▶ [What is required] Whenever "sculpture" appears in a line, please copy that line from the data.

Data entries
§
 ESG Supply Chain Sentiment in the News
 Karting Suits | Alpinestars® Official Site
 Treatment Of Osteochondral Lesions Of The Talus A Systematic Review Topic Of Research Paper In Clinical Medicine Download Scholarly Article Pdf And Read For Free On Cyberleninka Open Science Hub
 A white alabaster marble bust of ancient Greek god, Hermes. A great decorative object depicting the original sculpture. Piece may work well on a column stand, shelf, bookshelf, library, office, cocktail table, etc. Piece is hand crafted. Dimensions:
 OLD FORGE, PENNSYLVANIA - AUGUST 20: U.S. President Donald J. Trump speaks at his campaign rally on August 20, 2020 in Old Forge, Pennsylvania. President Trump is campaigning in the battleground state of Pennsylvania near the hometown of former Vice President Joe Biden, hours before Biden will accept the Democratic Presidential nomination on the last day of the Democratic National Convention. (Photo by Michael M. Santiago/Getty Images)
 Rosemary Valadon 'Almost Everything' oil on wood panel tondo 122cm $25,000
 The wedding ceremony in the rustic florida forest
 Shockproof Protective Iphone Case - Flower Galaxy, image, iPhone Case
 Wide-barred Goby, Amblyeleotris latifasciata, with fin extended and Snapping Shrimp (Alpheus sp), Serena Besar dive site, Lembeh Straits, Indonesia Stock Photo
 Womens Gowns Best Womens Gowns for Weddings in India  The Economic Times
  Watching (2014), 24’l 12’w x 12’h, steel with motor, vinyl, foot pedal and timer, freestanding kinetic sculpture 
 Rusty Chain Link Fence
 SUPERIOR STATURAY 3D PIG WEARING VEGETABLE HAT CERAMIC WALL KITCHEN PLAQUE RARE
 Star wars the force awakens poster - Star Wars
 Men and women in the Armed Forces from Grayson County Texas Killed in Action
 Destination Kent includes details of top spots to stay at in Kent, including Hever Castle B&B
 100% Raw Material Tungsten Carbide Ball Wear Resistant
§
▶ [Expected output]
 A white alabaster marble bust of ancient Greek god, Hermes. A great decorative object depicting the original sculpture. Piece may work well on a column stand, shelf, bookshelf, library, office, cocktail table, etc. Piece is hand crafted. Dimensions:
  Watching (2014), 24’l 12’w x 12’h, steel with motor, vinyl, foot pedal and timer, freestanding kinetic sculpture 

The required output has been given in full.